2 Professor Agro meteorology, Department of Water Engineering, Faculty of Agriculture, Ferdowsi University of Mashhad

Abstract

Introduction: In arid and semi-arid regions such as Iran, water is the most important limiting factor in economic development, and its management is of high importance. In recent years, due to irrigation expansion, low productivity in agricultural sector, and the rainfall shortage, water resources have been adversely affected in Iran. Undoubtedly, global warming in arid and semi-arid countries has increased the need for aquatic plants and the severity of drinking water shortages, making it more difficult to plan for limited resources. Studying the spatial and temporal changes of evapotranspiration is essential for the comprehensive planning of water management in Mashhad and providing an appropriate solution for optimal use of available water resources.
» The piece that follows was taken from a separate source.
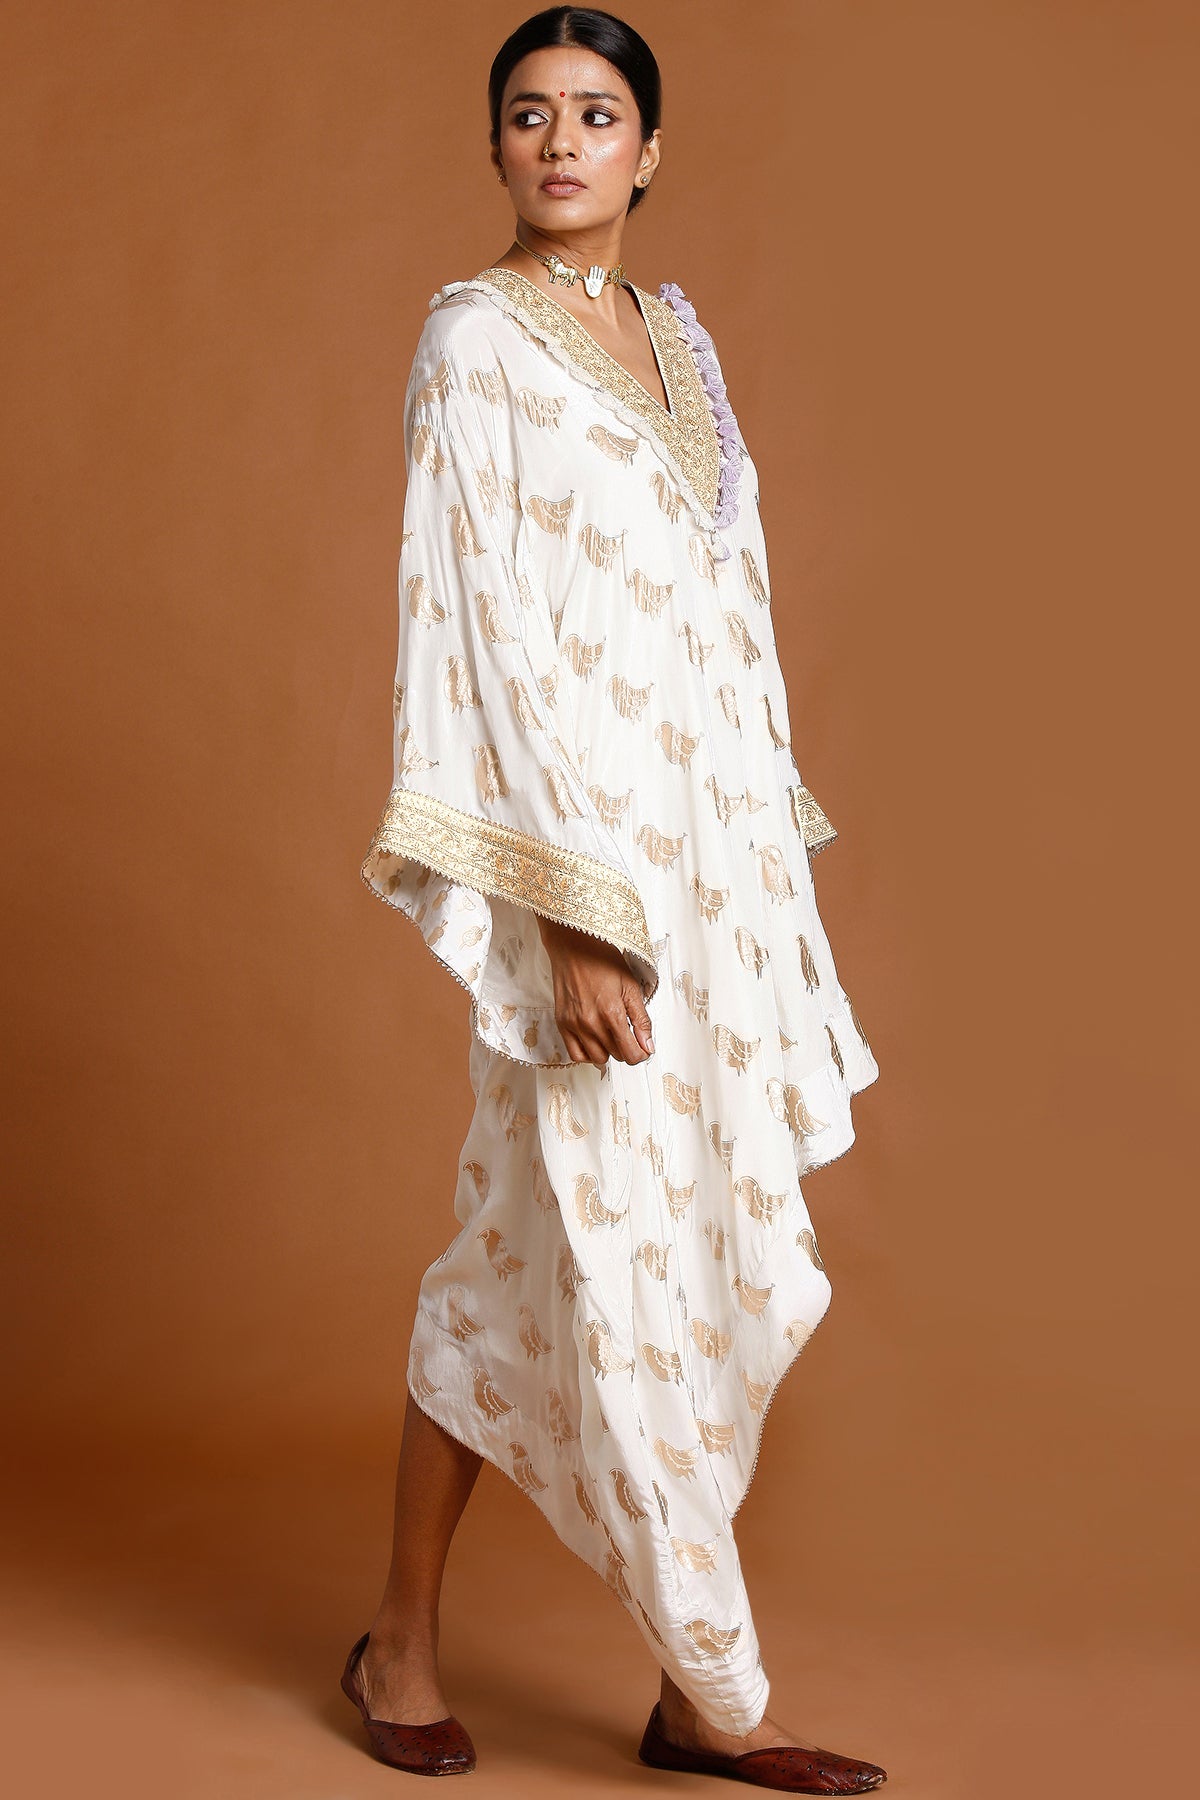 Ivory Crepe Kaftan - Indian Clothing in Denver, CO, Aurora, CO, Boulder, CO, Fort Collins, CO, Colorado Springs, CO, Parker, CO, Highlands Ranch, CO, Cherry Creek, CO, Centennial, CO, and Longmont, CO. Nationwide shipping USA - India Fashion X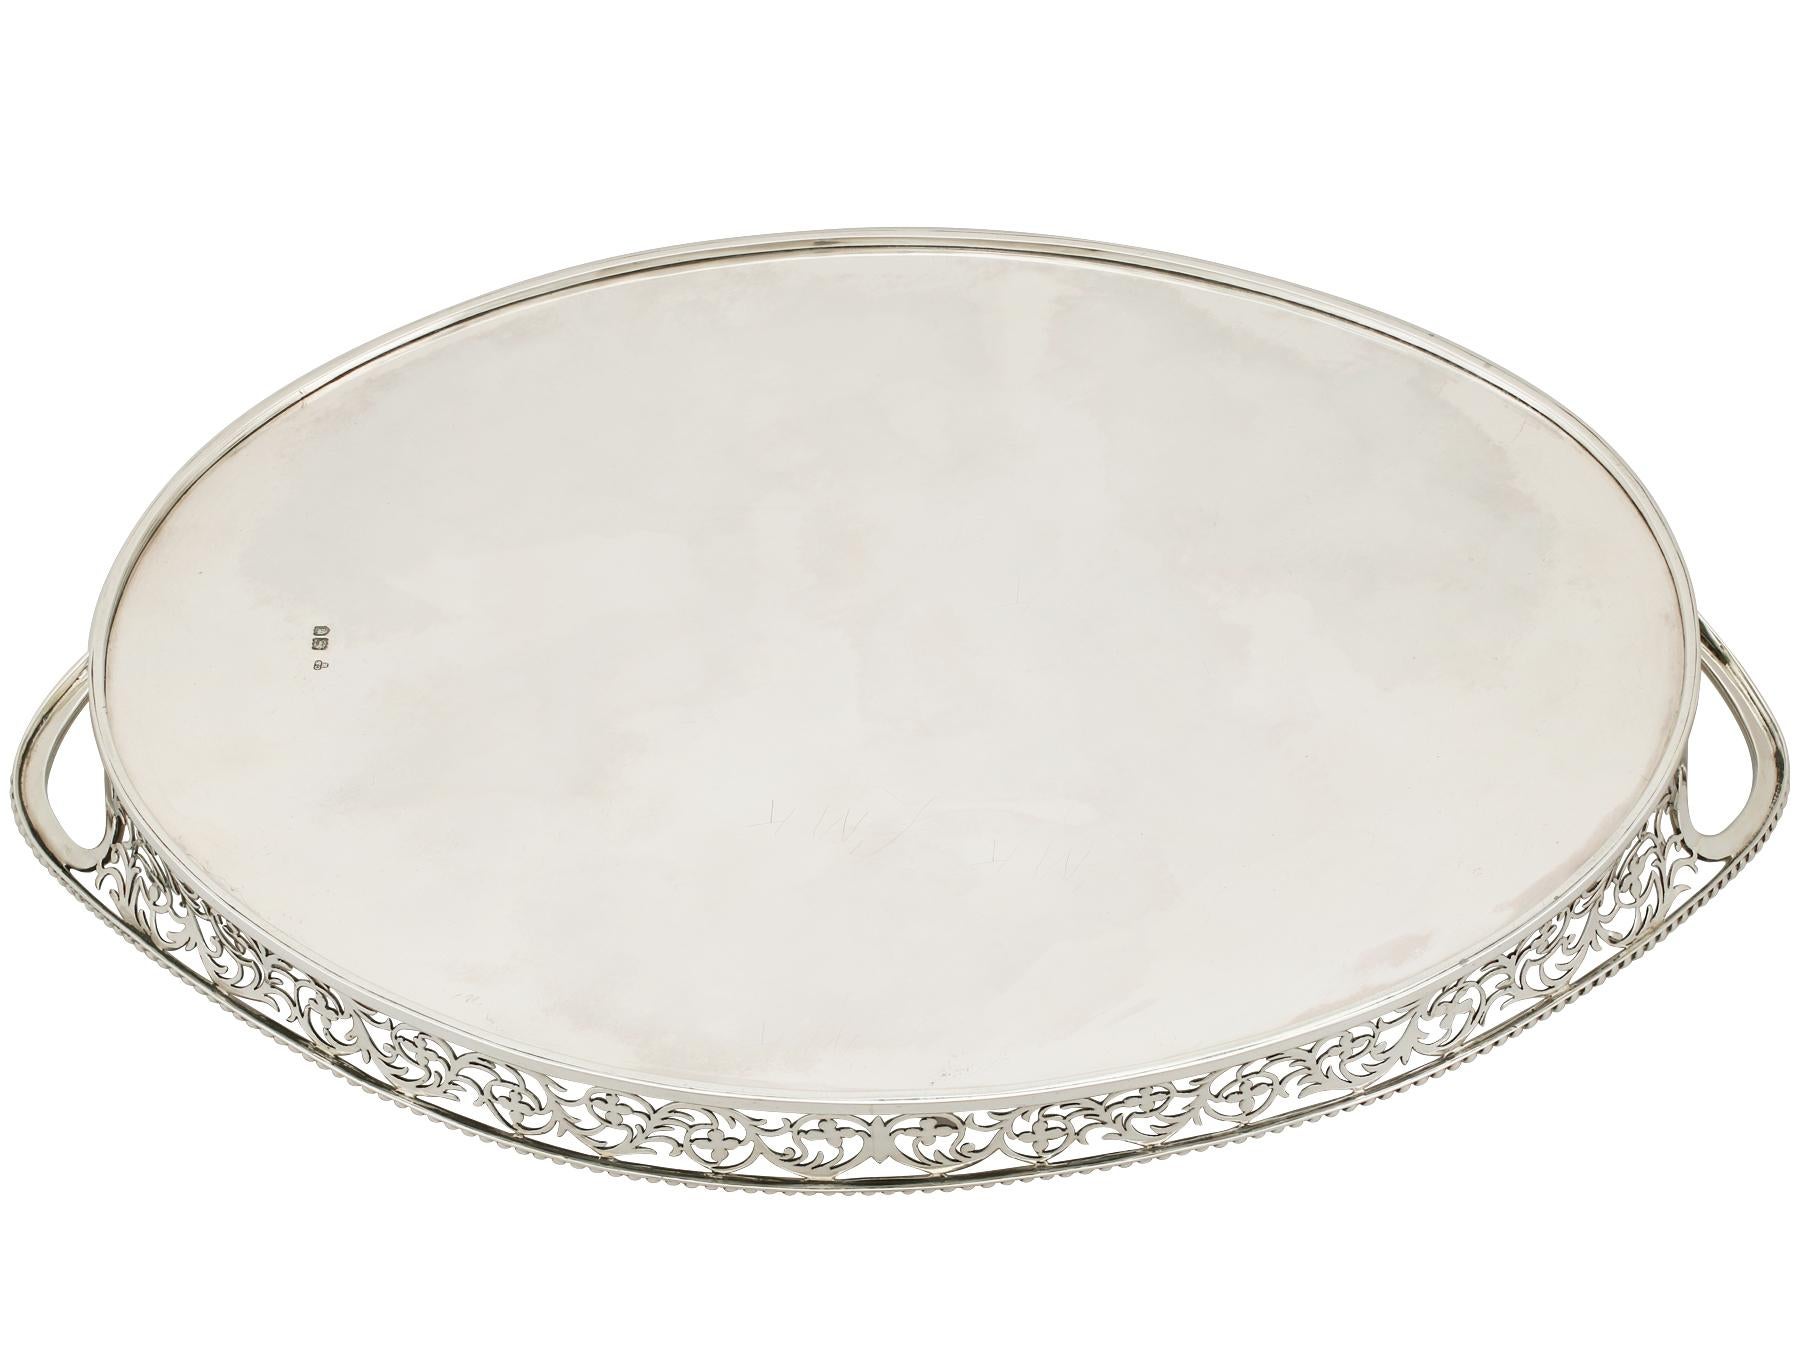 Edwardian English Sterling Silver Galleried Drinks Tray 1901 3

However, spatiotemporal analysis of evapotranspiration regardless of the phenomenon of global warming and thermal island leads to unrealistic results. Therefore, the aim of this study was to address these shortcomings in previous studies in Mashhad. The specific objectives were: temporal analysis of evapotranspiration in the existing statistical period and estimation of annual evapotranspiration volume with respect to global warming, investigating the effect of global warming factors and thermal island on evapotranspiration and eventually water resources management in Mashhad.
Materials and Methods: This study was carried out in Mashhad, city of Khorasan Razavi province with an area of 204 square kilometers, in northeastern Iran. Satellite imagery used for this research was a time series from Landsat 5 (TM sensor), Landsat 7 (ETM +) and Landsat 8  (OLI and TIRS sensors) from 1996 to 2016. The selected images for 2016 consisted of a time series of 13 images and a 16-day interval. After receiving satellite imagery, the performance of atmospheric corrections was evaluated based on FLAASH and TAC methods for reflective and thermal bands, respectively. The radiometric correction of images and reflection calculation of reflection was also conducted for bands 4 and 5 (values of ρ) and radiations of thermal bands10 and 11 (Lsen values) in the ILWIS software environment. Then, the temperature of the vegetation was calculated using different methods of determining the surface temperature (LST).
Result and Discussion: The results showed that, on average, NDVI values in urban, mountainous and agricultural classes were 0.39, 0.37, and 0.4, respectively. However, the lowest and largest absolute value of NDVI were, respectively, 0.29 and 0.82, both of which are obtained in agricultural lands. The mean land surface temperature (LST) was 34.2 °C during days, which had a time and spatial variation between 17.9 to 49.4 °C in different regions. The highest and lowest mean LST was observed in urban and mountainous applications, respectively. Urban areas also had a significant difference in LST compared to other land uses due to the type of land cover in urban areas (mainly asphalt, stone, brick, cement, iron, etc.) and activities such as vehicle traffic, smoke and heat from factories and industries. The Split-Window (SW) method gave higher LST values compared with other methods. Then, the single-channel (SC), Improved Mono-Window (IMW) and single-window (MW) methods provided lower amounts of LST. The same trend was observed in almost all land use classes in the study area. It was also found that in urban areas, the strongest correlation between air temperature and LST was calculated by applying SC (R2 = 0.937). In mountainous regions, the highest correlation between air temperature and computed LST was found for the IMW (R2 = 0.951). Similarly, in the agro-rangeland areas, the highest correlation between air temperature and computed LST was obtained by IMW (R2 = 0.953).
Conclusion: In the study area, the general trend of NDVI index was declining between 1996 and 2016. Reducing the percentage of vegetation cover in different sectors such as agriculture and rangeland, changing the type of vegetation (crop pattern) in agricultural sector and urban green spaces are the reasons for decreasing NDVI index in Mashhad region. The average LST was 34.2 °C in the days, which had a time and spatial variation between 17.9 to 49 °C in different regions. The maximum and minimum average LST was observed in urban and mountainous regions, respectively. The SW provided higher LST values compared to other methods. The SC, IMW and MW methods, however, provided lower LST values. The same trend was observed in almost all land use classes in the study area. It was also found that in urban areas, the highest correlation between air temperature and LST was found by using SC (R2=0.937). In mountainous regions, the strongest correlations between air temperature and LST was observed by using the Split Window Algorithm (SW) Improved Mono-Window (IMW) (R2=0.951). Similarly, in the agricultural and rangeland areas, the highest correlation between air temperature and LST was observed using the Split Window (SW) Improved Mono-Window (IMW) (R2 =0.953).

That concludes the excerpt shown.